Pour moi, un des points essentiels est celui du seuil de la revente à perte. Le principe est le suivant : quand on achète 100, on ne peut pas revendre en dessous. Il faut faire des bénéfices : ceux qui disent le contraire utilisent d'autres moyens pour faire de la marge, notamment grâce au système des marges arrières. Certaines propositions de ce rapport consistent à inclure directement les marges arrières dans le prix. Ces propositions constituent en réalité une légalisation des marges arrières alors même que nous contestons ces dernières.
Il vaut donc mieux définir ce qui relève de la coopération commerciale, l'encadrer, mais ne pas la légaliser.
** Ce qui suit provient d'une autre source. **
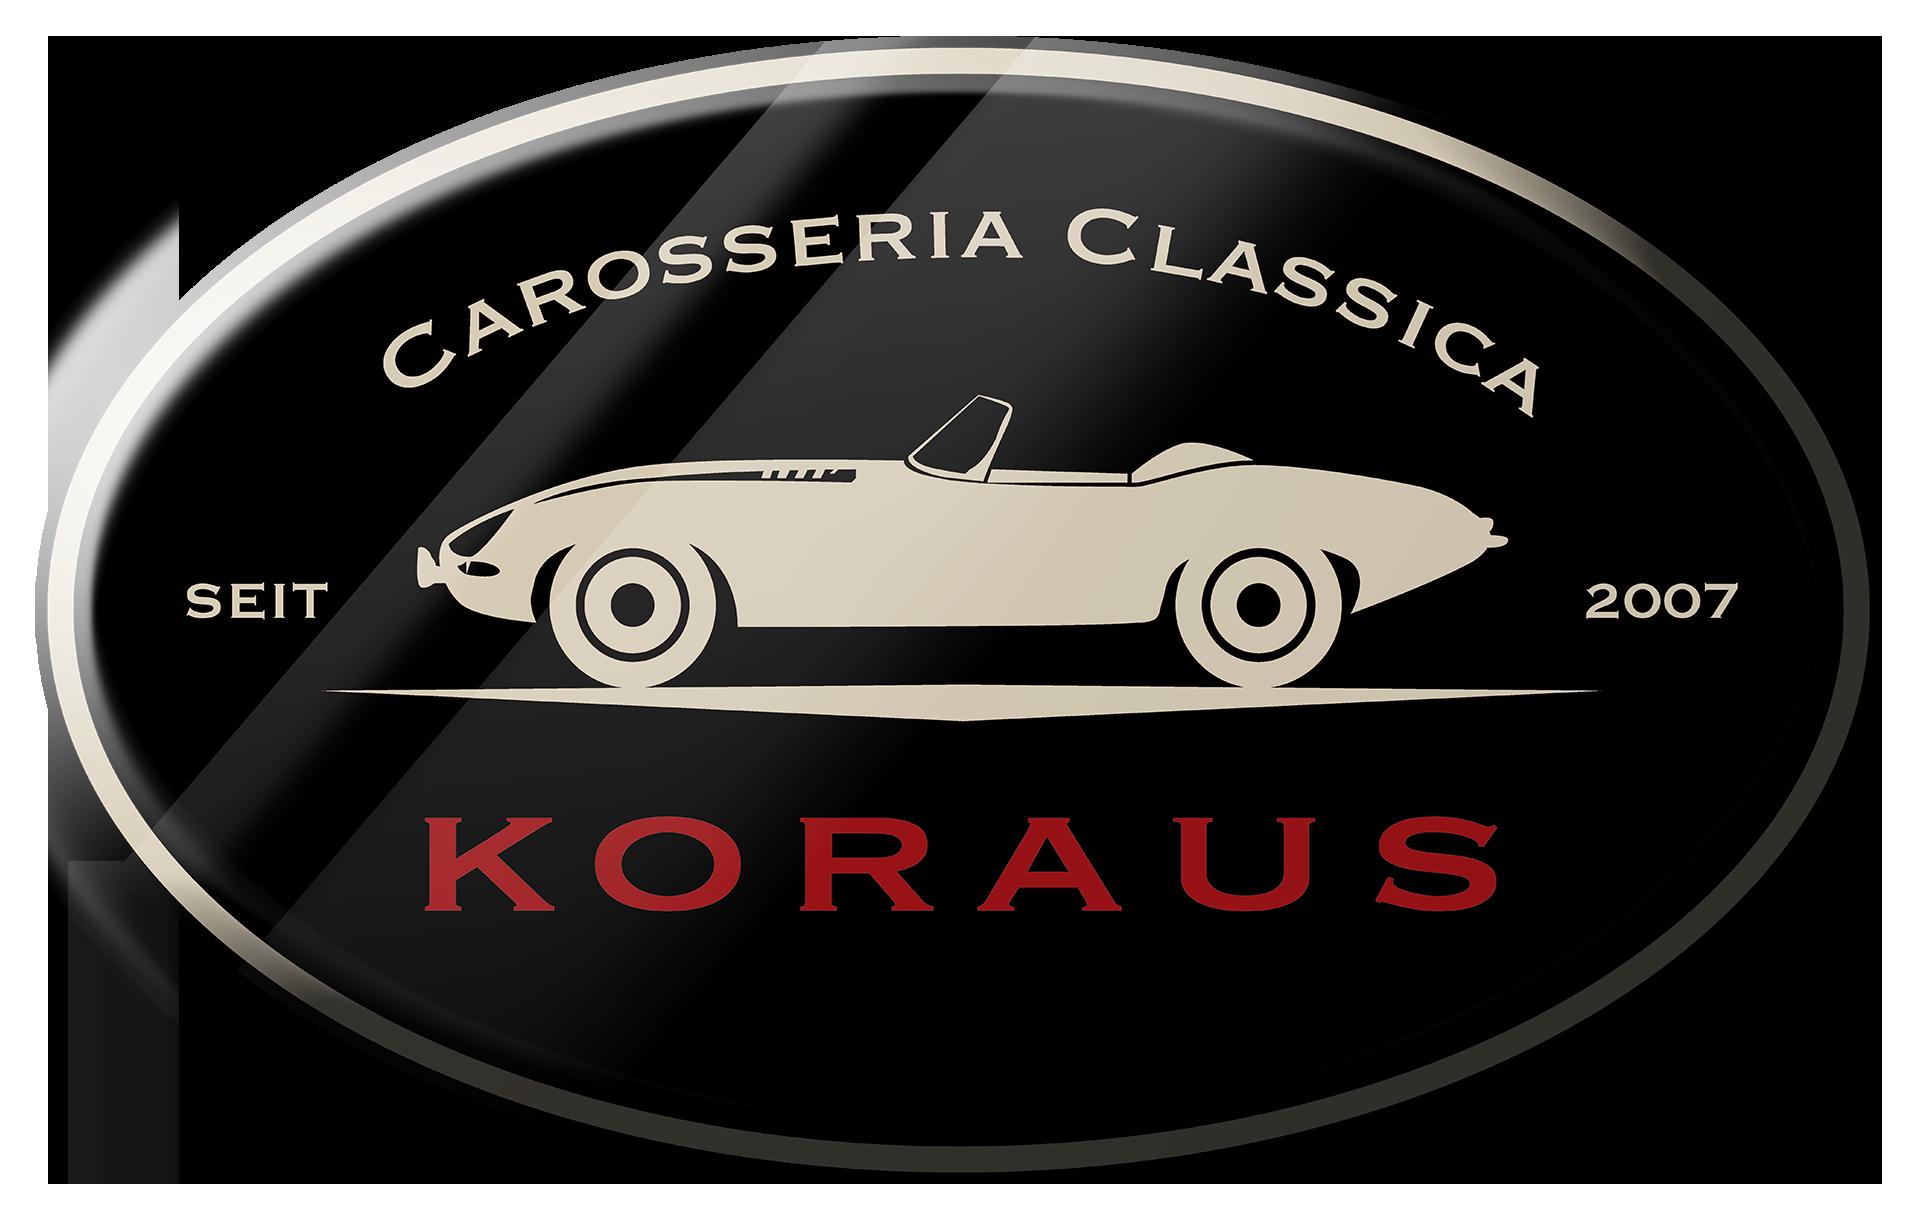 carosseria-classica-koraus

Certains secteurs arrivent à 30 % ou même 60 % de marges arrières. Que voudrait dire un prix sur lequel seraient retirés les rabais, les remises et 60 % de marges arrières ? Ce prix n'aurait plus aucun sens ! Il s'agirait même d'un prix de dumping. N'oublions pas que chaque consommateur est aussi accessoirement salarié d'une PME, d'un artisan, d'un commerçant ou d'une grande entreprise. La logique de baisse de prix n'a donc pas de sens en tant que telle. Au contraire, l'intérêt est de travailler sur la relance de la consommation. Il nous faut trouver les moyens de mettre le consommateur en confiance. Personne n'est dupe des soi-disant marges 0.
Prenons le temps de travailler sérieusement sur un système transparent. Personne dans ce domaine ne possède la vérité révélée.